2) Get the Fireplace Ready

  • Cap or screen the top of the chimney to keep out rodents and birds.
  • If the chimney hasn't been cleaned for a while, call a chimney sweep to remove soot and creosote.
  • Buy firewood or chop wood. Store it in a dry place away from the exterior of your home.
  • Inspect the fireplace damper for proper opening and closing.
  • Check the mortar between bricks and tuckpoint, if necessary.

3) Check the Exterior, Doors and Windows

  • Inspect exterior for crevice cracks and exposed entry points around pipes; seal them.
  • Use weatherstripping around doors to prevent cold air from entering the home and caulk windows.
  • Replace cracked glass in windows and, if you end up replacing the entire window, prime and paint exposed wood.
  • If your home has a basement, consider protecting its window wells by covering them with plastic shields.
  • Switch out summer screens with glass replacements from storage. If you have storm windows, install them.

4) Inspect Roof, Gutters & Downspouts

  • If your weather temperature will fall below 32 degrees in the winter, adding extra insulation to the attic will prevent warm air from creeping to your roof and causing ice dams.
  • Check flashing to ensure water cannot enter the home.
  • Replace worn roof shingles or tiles.
  • Clean out the gutters and use a hose to spray water down the downspouts to clear away debris.
  • Consider installing leaf guards on the gutters or extensions on the downspouts to direct water away from the home.

5) Service Weather-Specific Equipment

  • Drain gas from lawnmowers.
  • Service or tune-up snow blowers.
  • Replace worn rakes and snow shovels.
  • Clean, dry and store summer gardening equipment.
  • Sharpen ice choppers and buy bags of ice-melt / sand.

6) Check Foundations

  • Rake away all debris and edible vegetation from the foundation.
  • Seal up entry points to keep small animals from crawling under the house.
  • Tuckpoint or seal foundation cracks.

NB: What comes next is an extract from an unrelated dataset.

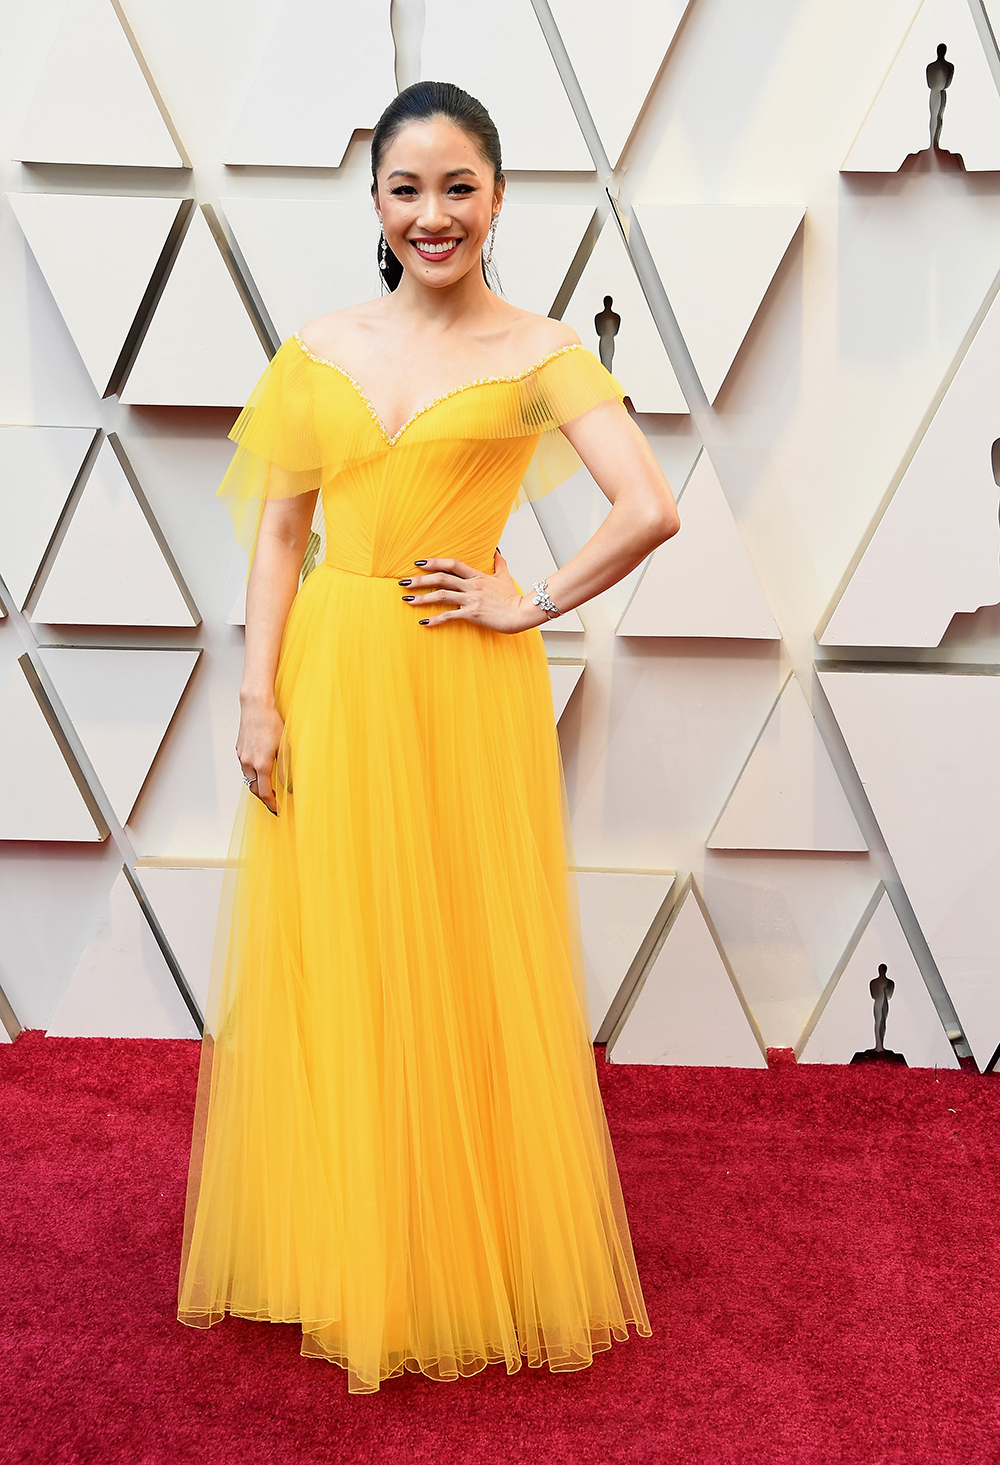 HOLLYWOOD, CA - FEBRUARY 24: Constance Wu attends the 91st Annual Academy Awards at Hollywood and Highland on February 24, 2019 in Hollywood, California. (Photo by Steve Granitz/WireImage)

Mice can slip through space as thin as a dime.
  • Inspect sill plates for dry rot or pest infestation.
  • Secure crawlspace entrances.

7) Install Smoke and Carbon Monoxide Detectors

  • Some cities require a smoke detector in every room.
  • Buy extra smoke detector batteries and change them when daylight savings ends.
  • Install a carbon monoxide detector near your furnace and / or water heater.
  • Test smoke and carbon monoxide detectors to make sure they work.
  • Buy a fire extinguisher or replace an extinguisher older than 10 years.

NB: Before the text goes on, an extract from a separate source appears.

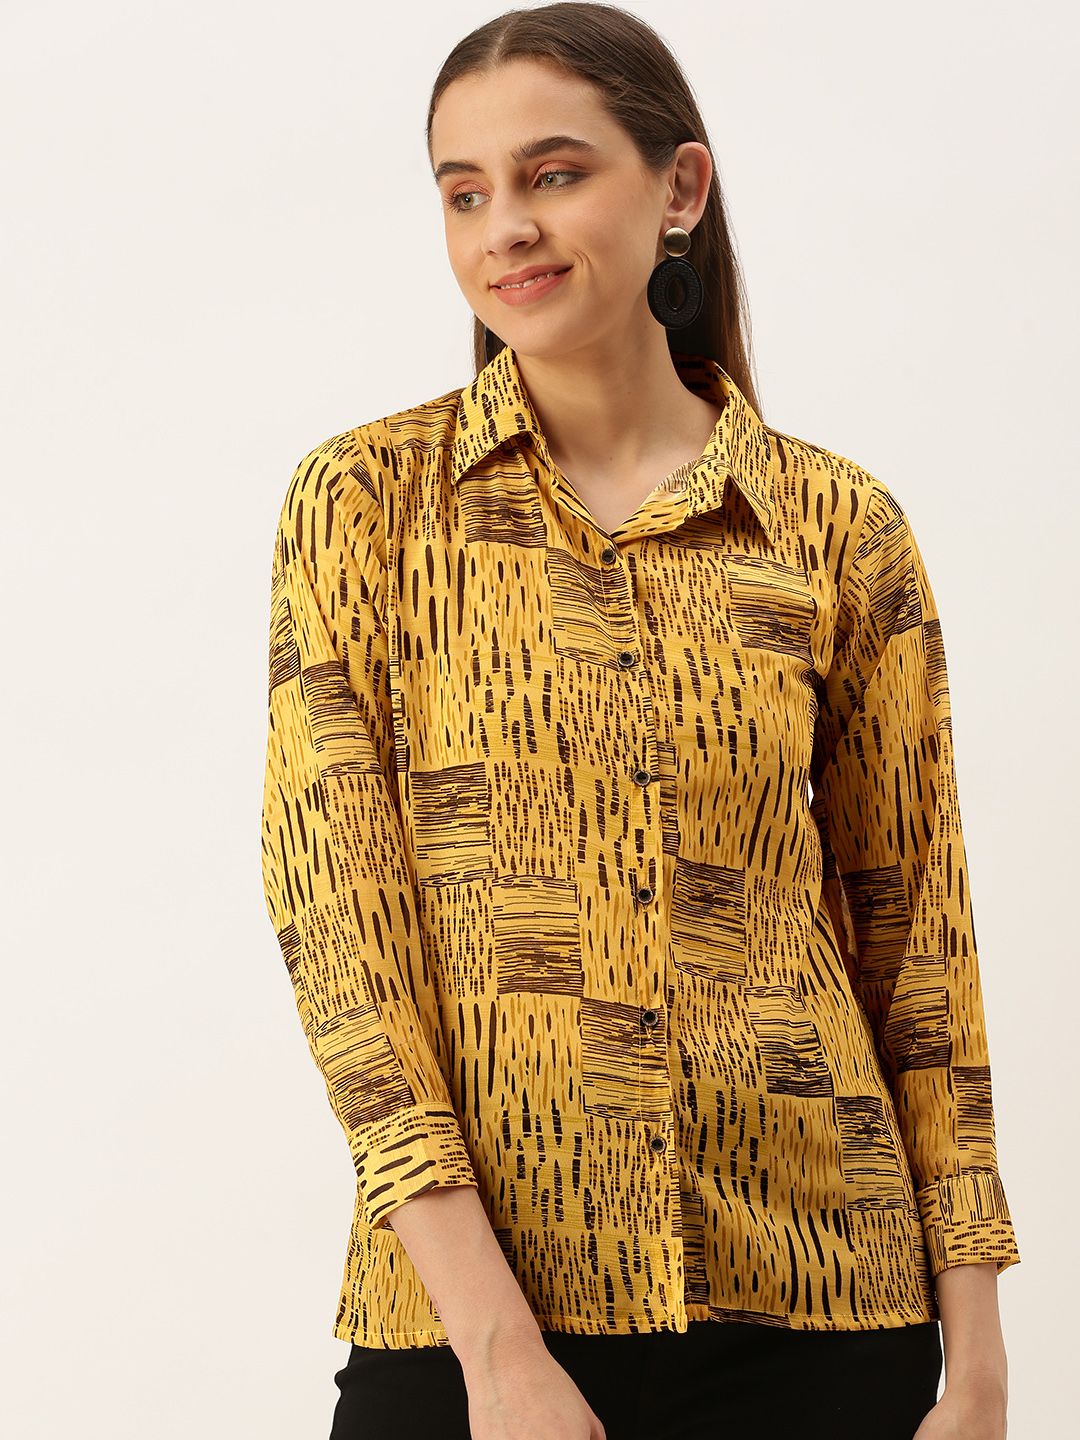 MELOSO Mustard Yellow & Black Print Georgette Shirt Style Top Price in India

8) Prevent Plumbing Freezes

  • Locate your water main in the event you need to shut it off in an emergency.
  • Drain all garden hoses.
  • Insulate exposed plumbing pipes.
  • Drain air conditioner pipes and, if your AC has a water shut-off valve, turn it off.
  • If you go on vacation, leave the heat on, set to at least 55 degrees.

9) Prepare Landscaping & Outdoor Surfaces

  • Trim trees if branches hang too close to the house or electrical wires.
  • Ask a gardener when your trees should be pruned to prevent winter injury.
  • Plant spring flower bulbs and lift bulbs that cannot winter over such as dahlias in areas where the ground freezes.
  • Seal driveways, brick patios and wood decks.
  • Don't automatically remove dead vegetation from gardens as some provide attractive scenery in an otherwise dreary, snow-drenched yard.
  • Move sensitive potted plants indoors or to a sheltered area.

10) Prepare an Emergency Kit

  • Buy indoor candles and matches / lighter for use during a power shortage.
  • Find the phone numbers for your utility companies and tape them near your phone or inside the phone book.
  • Buy a battery back-up to protect your computer and sensitive electronic equipment.
  • Store extra bottled water and non-perishable food supplies (including pet food, if you have a pet), blankets and a first-aid kit in a dry and easy-to-access location.
  • Prepare an evacuation plan in the event of an emergency.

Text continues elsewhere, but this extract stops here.